AIM OF THE EXERCISE:
When you retype the data, keep every word exactly and include none of the pictures.

[Records drawn from a dataset]
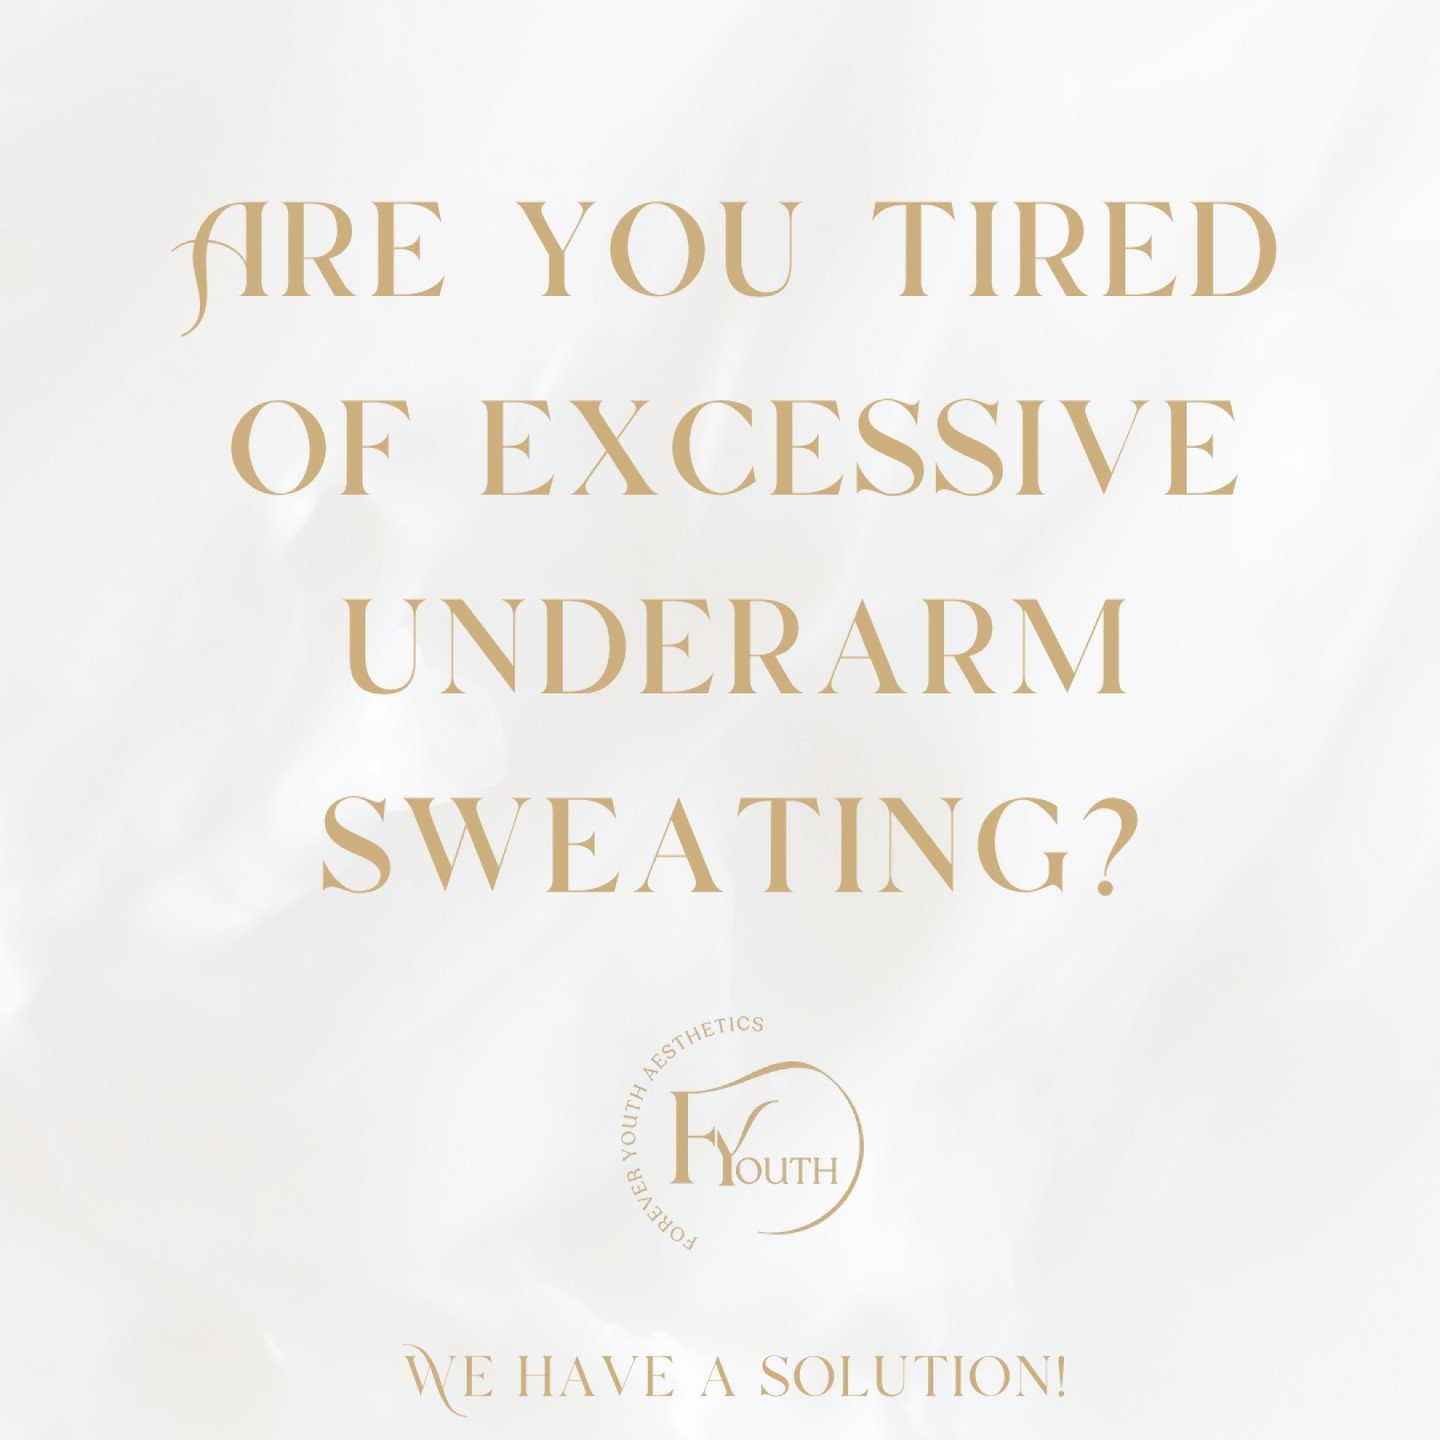 Are you tired of excessive underarm sweating? 

We have a solution! 

💉 Botox injections target the glands responsible for sweat and odor, giving you relief for 9-12 months. 

Say goodbye to discomfort and hello to confidence!

Explore our full rang

RESPONSE AREA:
 Are you tired of excessive underarm sweating? 

We have a solution! 

💉 Botox injections target the glands responsible for sweat and odor, giving you relief for 9-12 months. 

Say goodbye to discomfort and hello to confidence!

Explore our full rang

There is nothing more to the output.